Idling on a beach, I sometimes wonder why the rings on a shell are so much like the rings of Saturn. The connectedness of earth to space and especially to mystery is at the heart of Patricio Guzman’s beautiful, poetic film “Nostalgia for the Light.”
The film, making its U.S. broadcast debut tonight on “POV” (PBS, 10 p.m., check local listings), is ostensibly about the Atacama Desert, 10,000 above sea level and the driest spot on the planet, allowing it clear looks at the stars, attracting astronomers from all over the world.
But the telescopes were closed during the dark days of the Pinochet years. Instead, concentration camps were made out of old mines in the desolate area, and thousands of the disappeared were disposed there.

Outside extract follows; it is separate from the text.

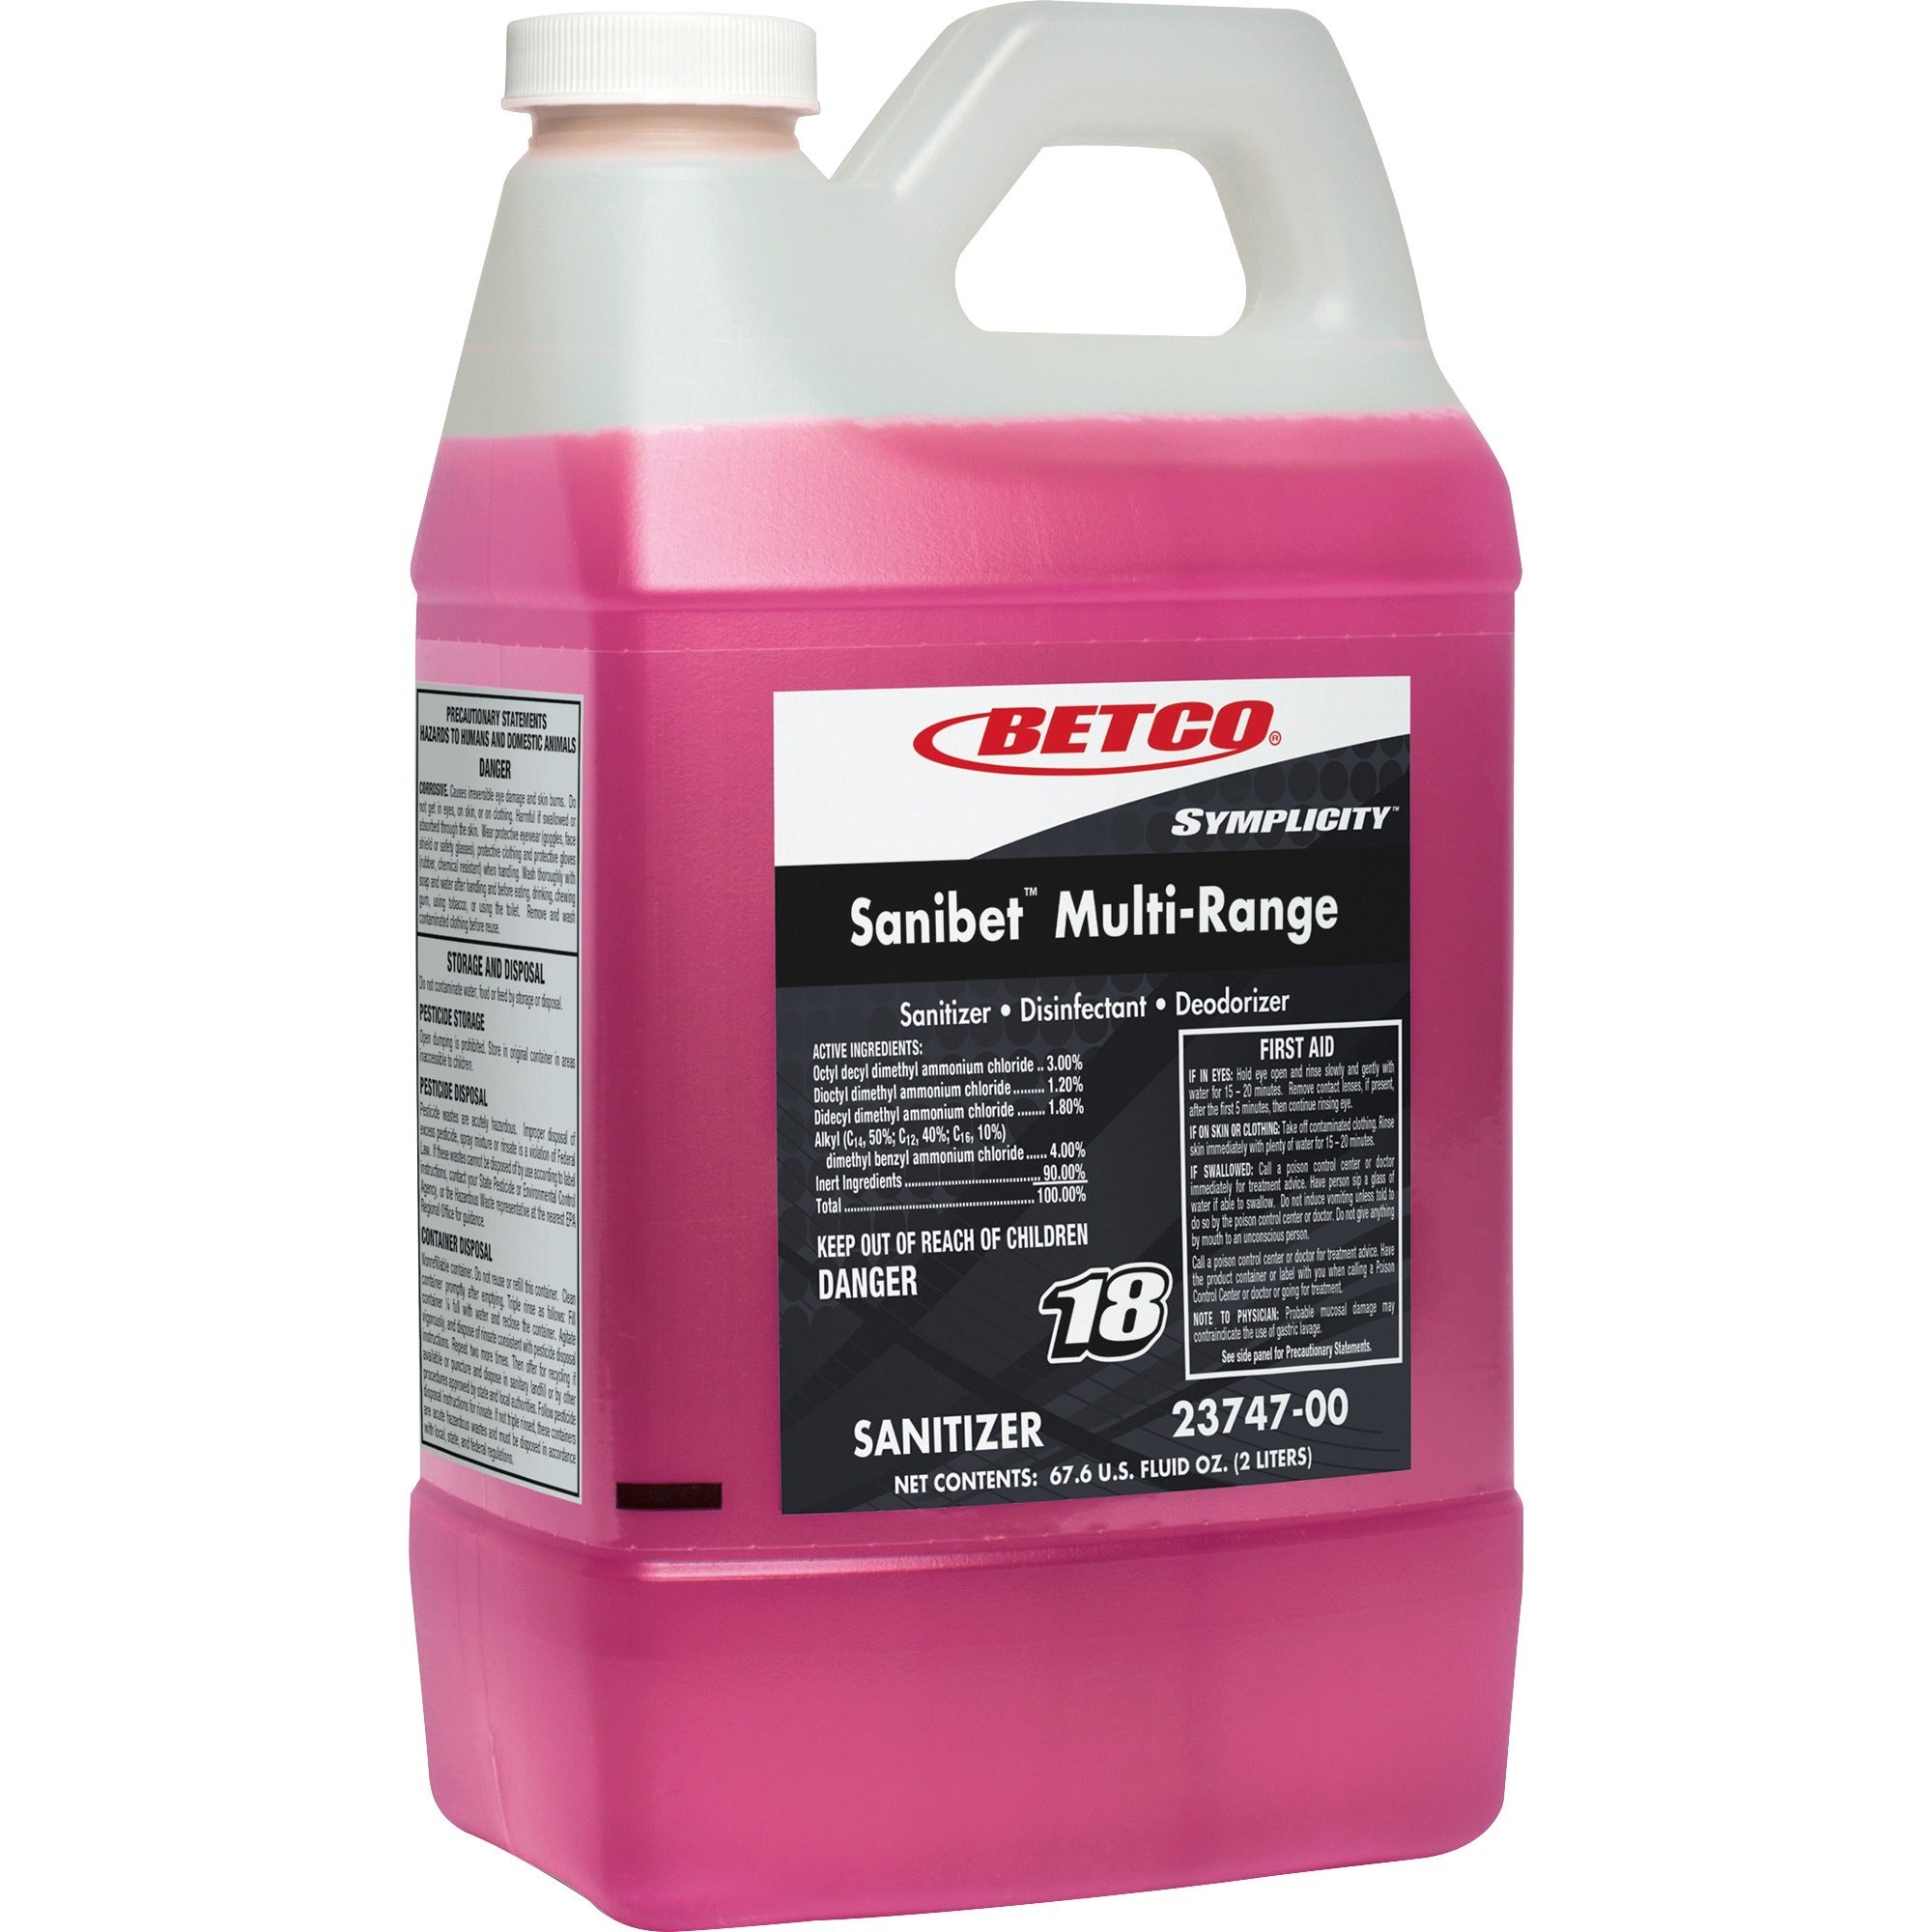 Betco Symplicity Sanibet Multi-Range Sanitizer - FASTDRAW 18 - Concentrate - 67.6 fl oz (2.1 quart) - 4 / Carton - Rinse-free, Versatile, Disinfectant - Pink - 2
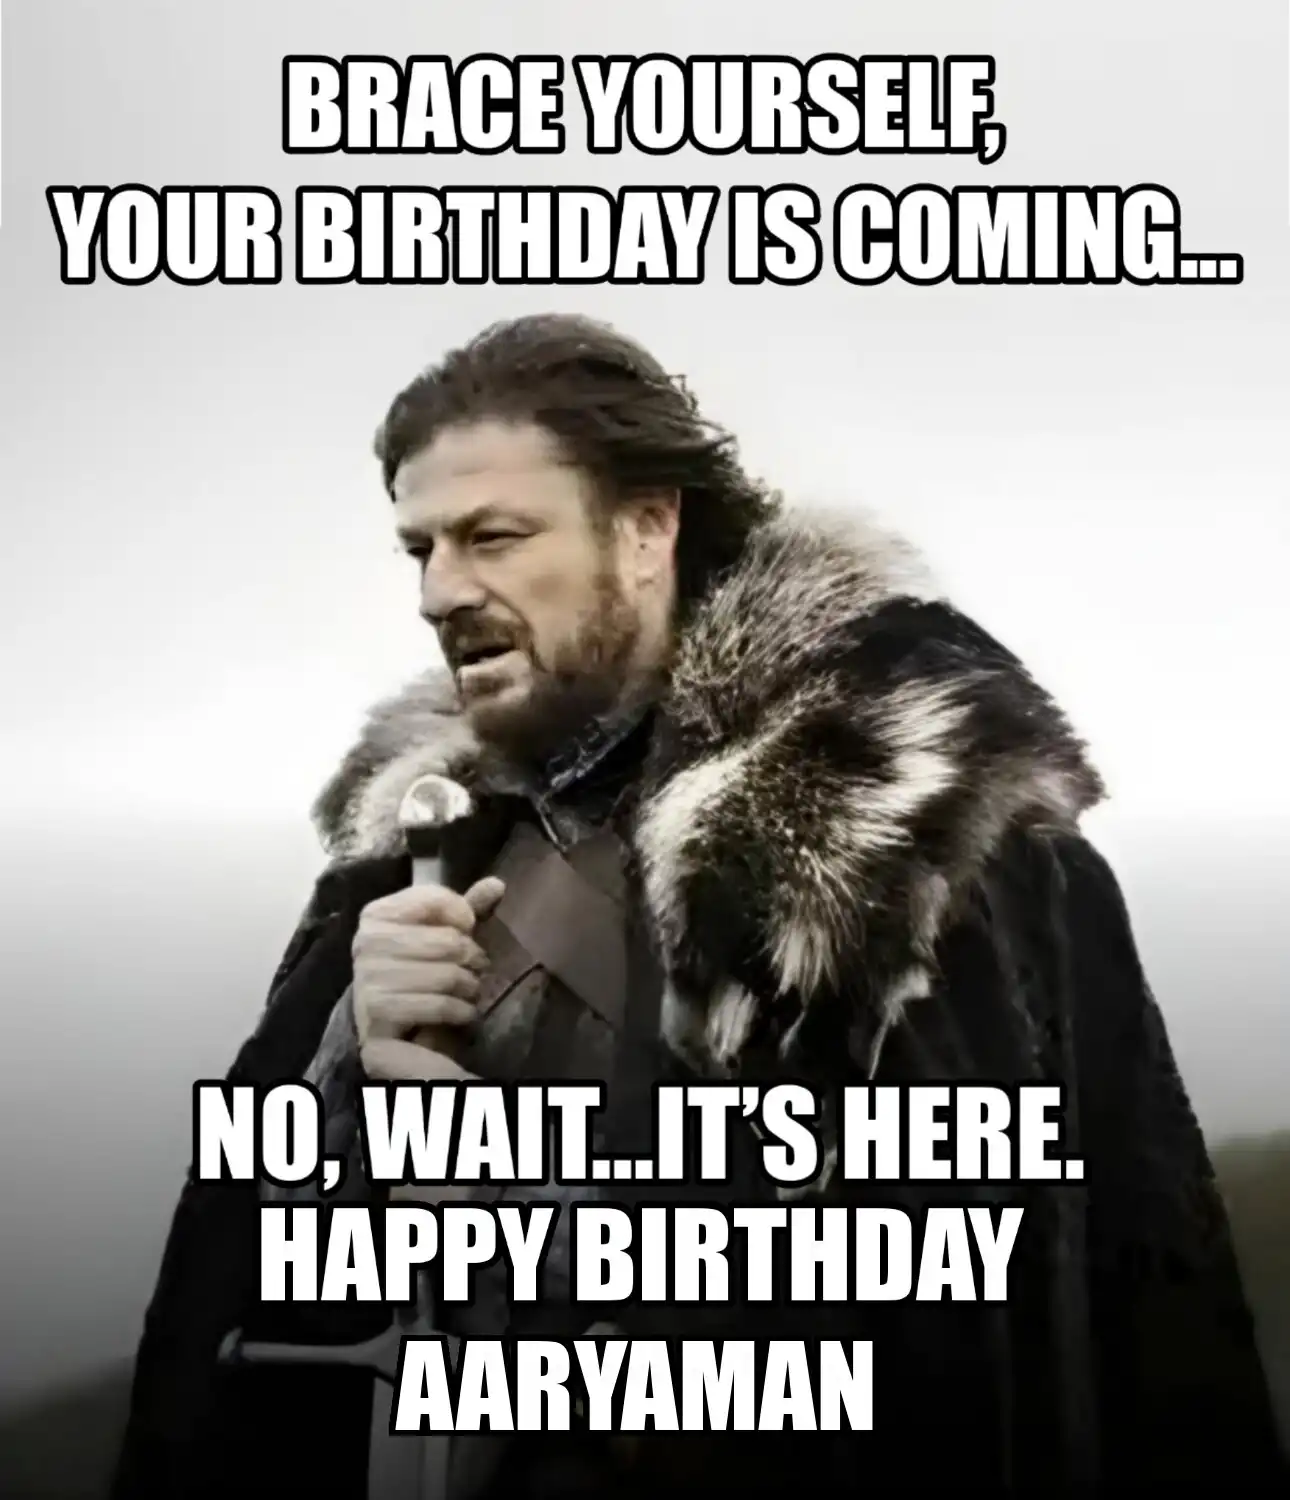 Happy Birthday Aaryaman Brace Yourself Your Birthday Is Coming Meme

Archeologists have found many of the bodies, or parts of them, alarmingly intact, thanks also to the dry conditions. But they’ve also found pre-Columbian mummies and 19th century explorers beneath the sand as well. For years, mothers of the disappeared have walked the sands as well, looking for loved ones and closure.
Guzman has thoughtful conversations with each of these truth-seekers – the astronomers, the archeologists and the determined but worn loved ones and find they’re all looking for answers that might be connected. It’s an extraordinary film, quite different from anything you’ll see on TV tonight or any other night.